AIM OF THE EXERCISE: Return the listing below exactly, with the pictures dropped.

INFORMATION SUPPLIED:

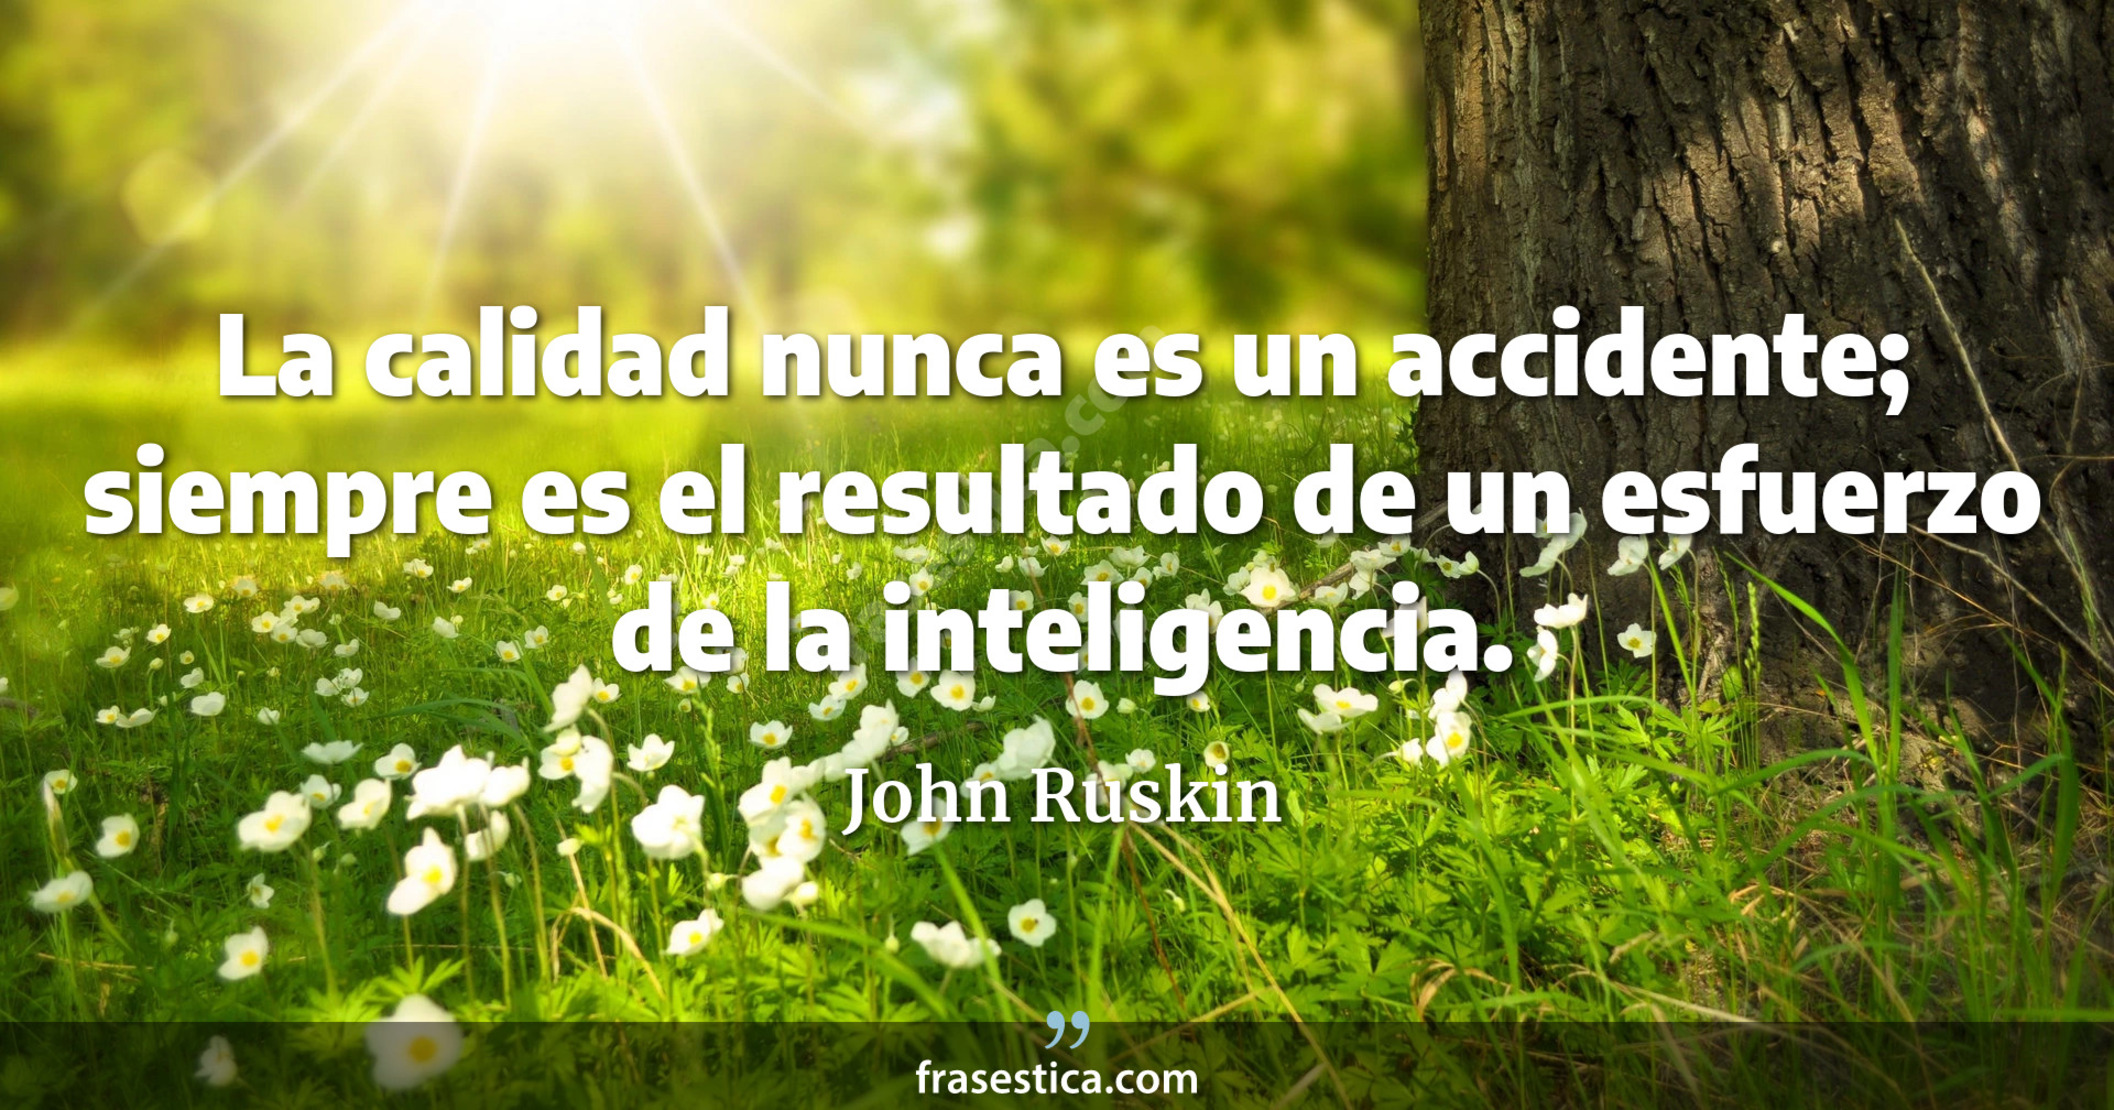 La calidad nunca es un accidente; siempre es el resultado de un esfuerzo de la inteligencia. - John Ruskin
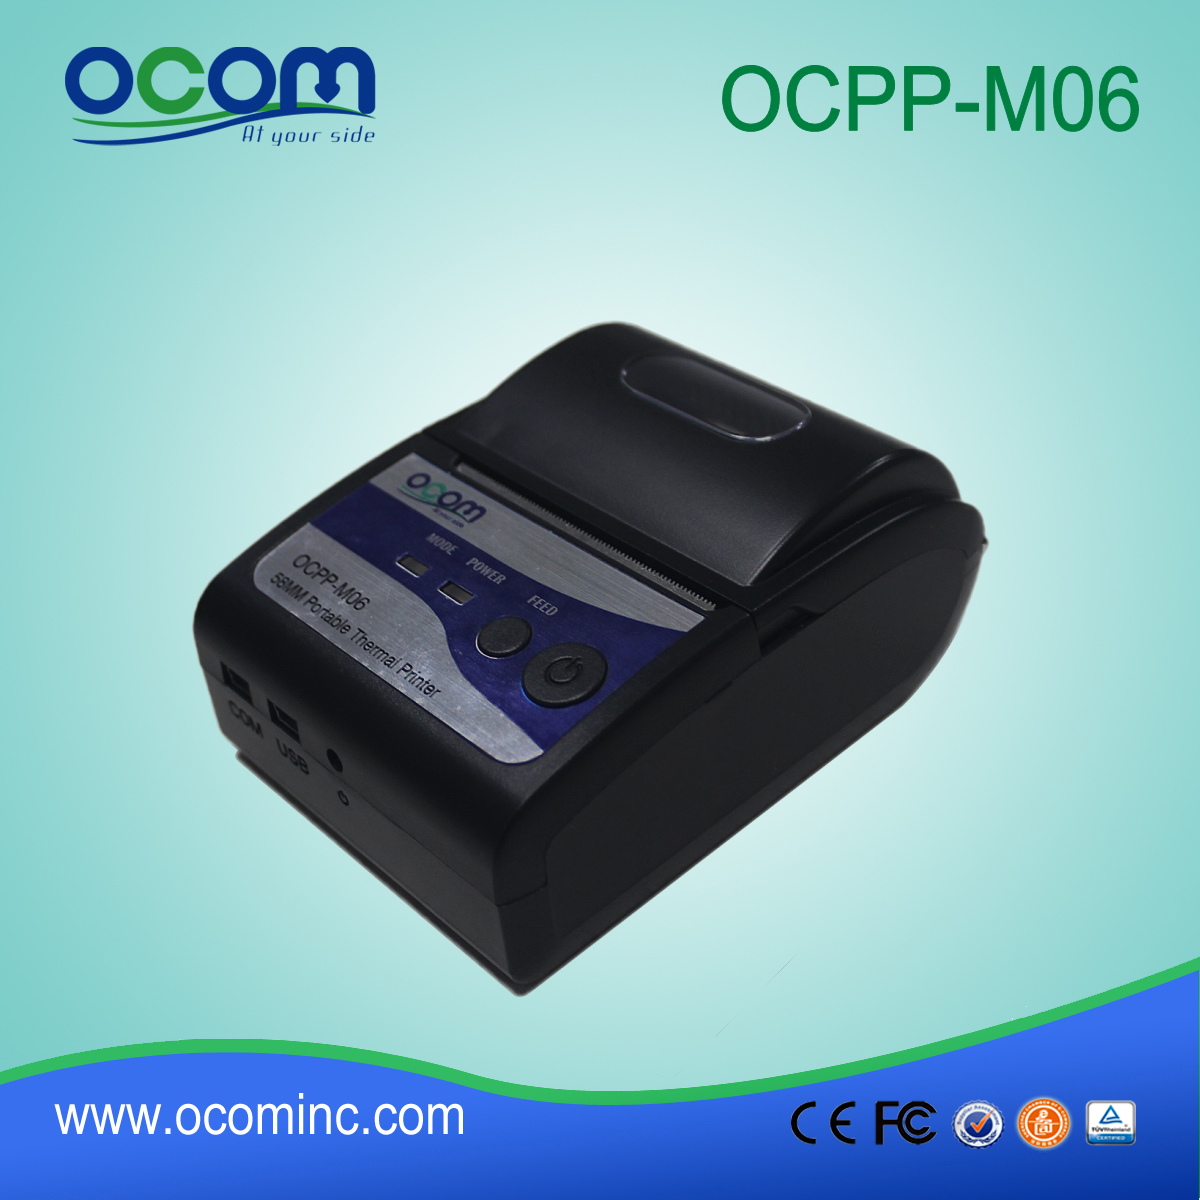 (OCPP-M06) Chiny OCOM dobre 58mm sprzedaży przenośny bluetooth termiczna drukarka przenośna
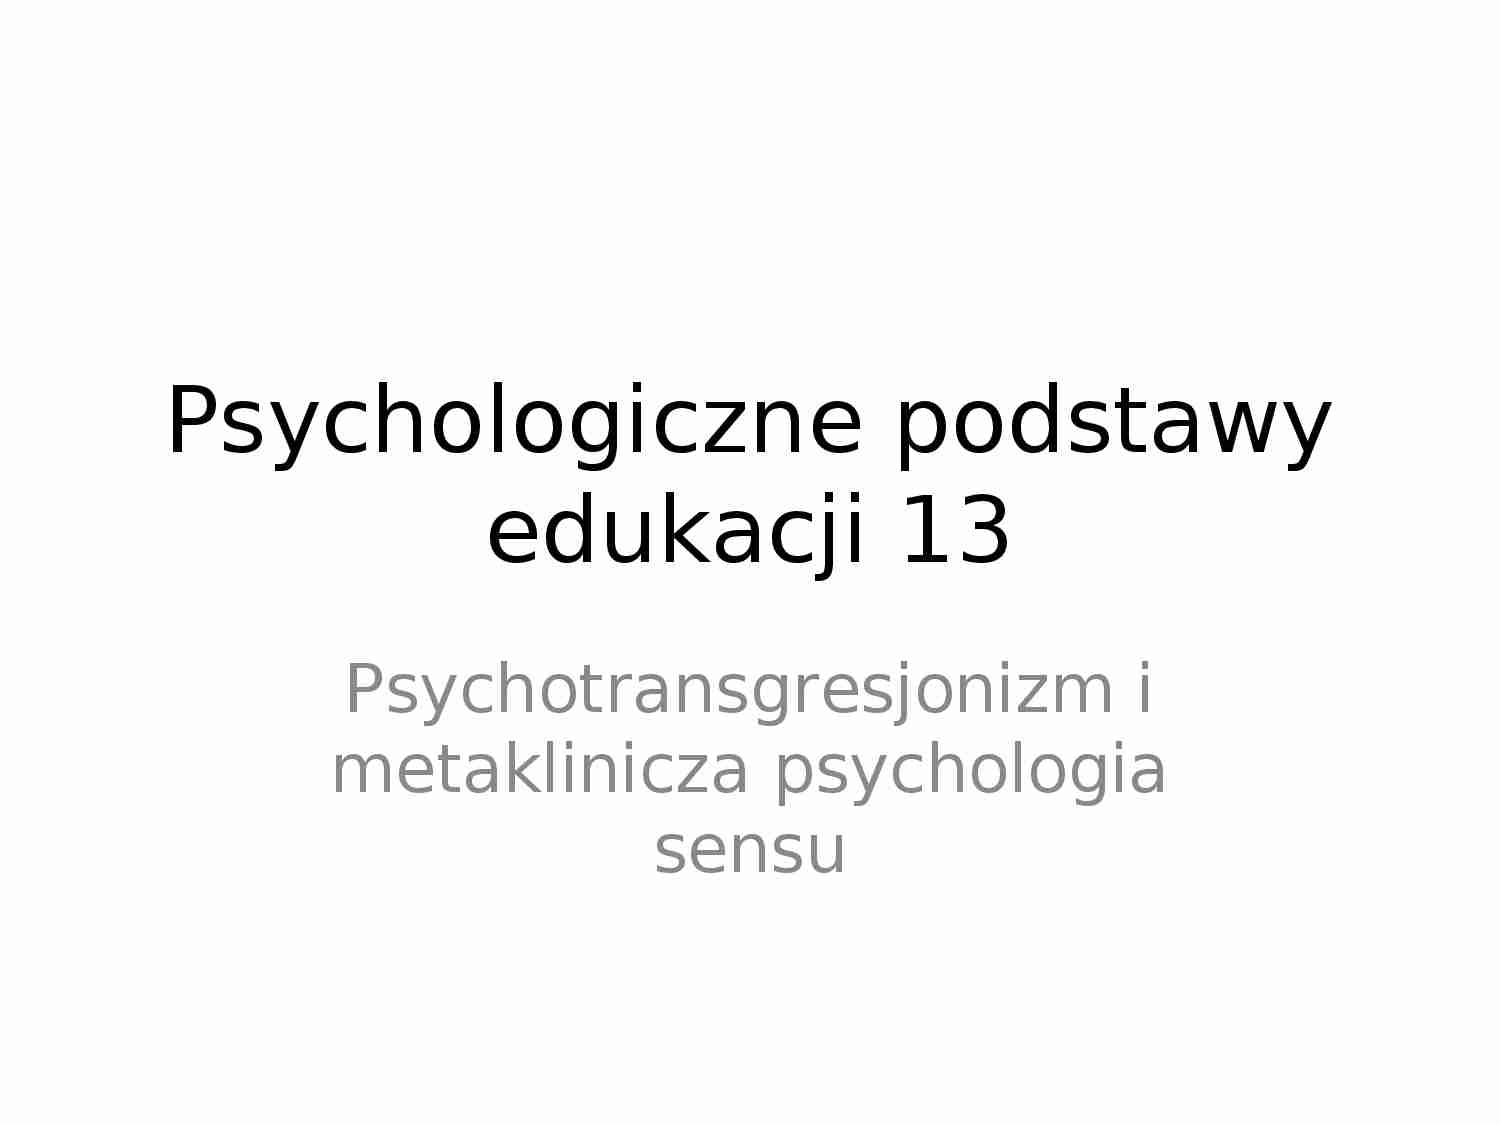 Psychotransgresjonizm i metaklinicza psychologia sensu - prezentacja. - strona 1
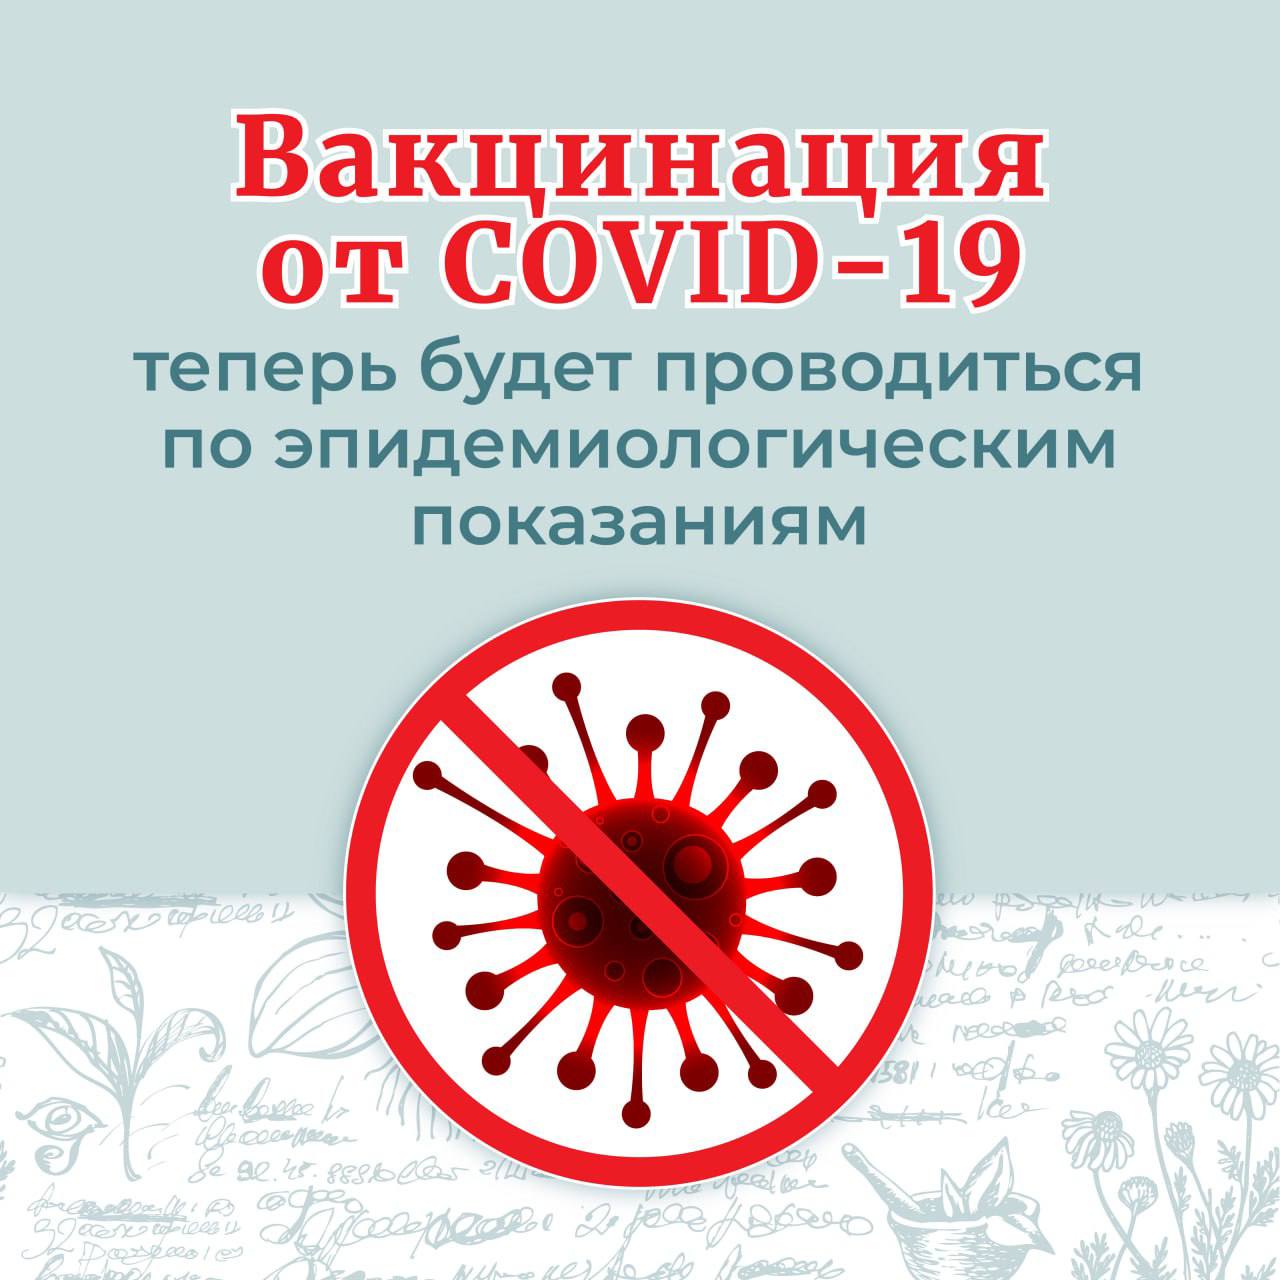 Вакцинация от COVID-19 теперь будет проводиться по эпидемиологическим показаниям, как от сезонного гриппа

REPLY:
 La calidad nunca es un accidente; siempre es el resultado de un esfuerzo de la inteligencia. - John Ruskin
 (OCPP-M06) Chiny OCOM dobre 58mm sprzedaży przenośny bluetooth termiczna drukarka przenośna
 Psychotransgresjonizm i metaklinicza psychologia sensu - prezentacja. - strona 1
 Вакцинация от COVID-19 теперь будет проводиться по эпидемиологическим показаниям, как от сезонного гриппа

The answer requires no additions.